- Born: 7 October 1974 (age 51)
- Education: Okuapeman School, Accra Academy, GIMPA
- Occupations: Journalist, News Editor, News Anchor
- Years active: 1999 - Present
- Spouse: Louisa Laryea
- Children: 3
- Parents: James Laryea (father); Constance Laryea (mother);

= Israel Laryea =

Ghanaian broadcast journalist

Israel Laryea (born 7 October 1974) is a Ghanaian broadcast journalist, news editor and anchor and programme host with Multimedia Group Ltd (JoyNews Television).

== Education ==
Israel attended Osu Presbyterian Preparatory School (OPPS) in Osu. He then had his GCE 'O' Level certificate from Okuapeman School before undertaking the sixth form at Accra Academy. He later attended the Ghana Institute of Management and Public Administration (GIMPA), where he attained a Bachelor of Arts (BA) degree.

== Career ==
Israel begun working in the broadcasting space with TV3 in 1999. After working with TV3 for sometime, he moved on to Multimedia Group Limited working with the late Komla Dumor. For a period, Israel worked for both Multimedia Group Limited and TV3, before finally moving back to Multimedia Group Limited.

Israel, along with Professor Ivan Addae Mensah moderated the 2008 Presidential Debate II between the NPP, NDC, CPP and PNC.

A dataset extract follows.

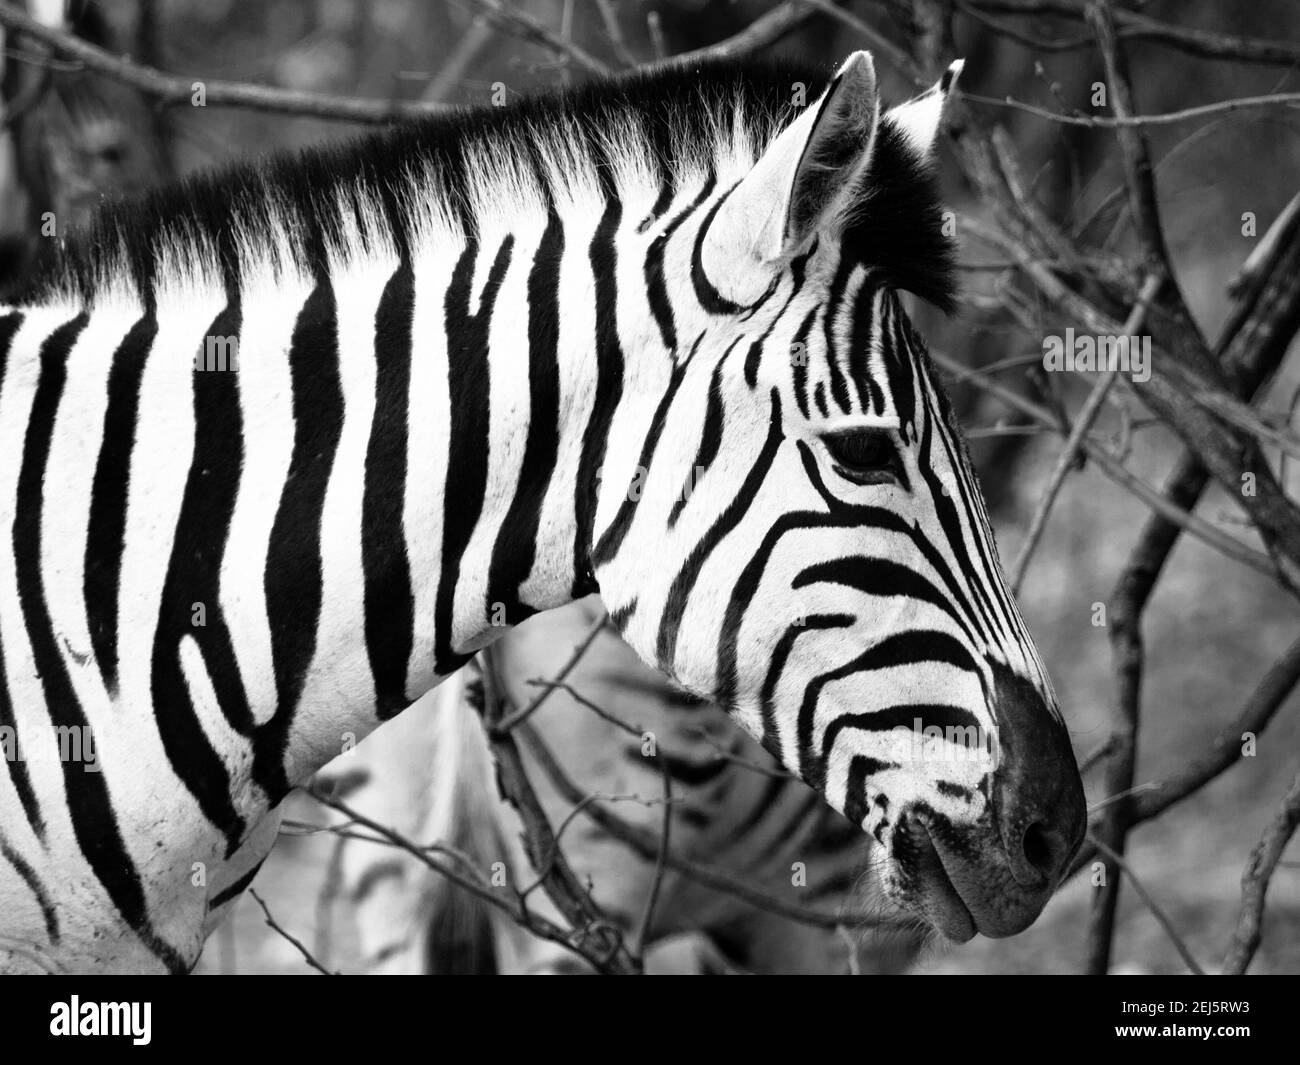 Prifile close-up shot of wild zebra in black and white, Etosha National Park, Namibia, Africa Stock Photo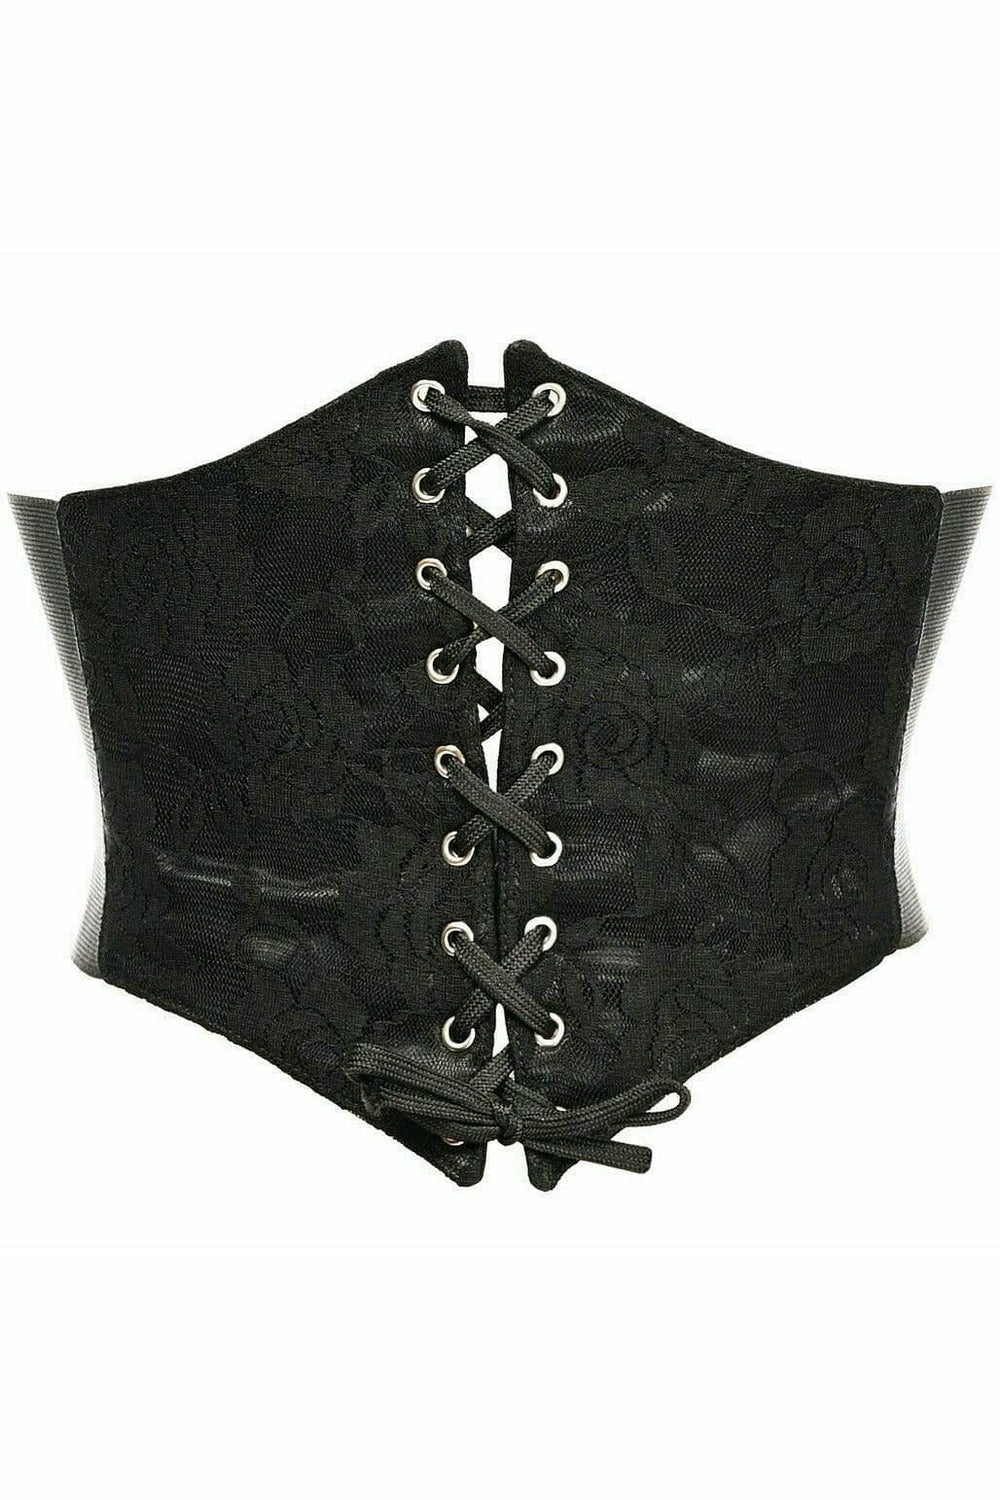 Lavish Black w/Black Lace Overlay Corset Belt Cincher-Corset Belts-Daisy Corsets-SEXYSHOES.COM

The 13th CNN Multichoice African Journalists Awards in 2008, nominated Israel Laryea (Joy FM) and Daniel Nkrumah (Daily Graphic) as finalists, among 21 other African journalists. The awards ceremony was held in Ghana in July 2008. He participated in the CNN Journalism Fellowship at the CNN Centre in Atlanta, USA.

Due to the coronavirus pandemic in 2020, Israel anchored the news from home, in a bid to encourage working from home.

== Personal life ==
Israel is married to Louisa and they have three (3) children.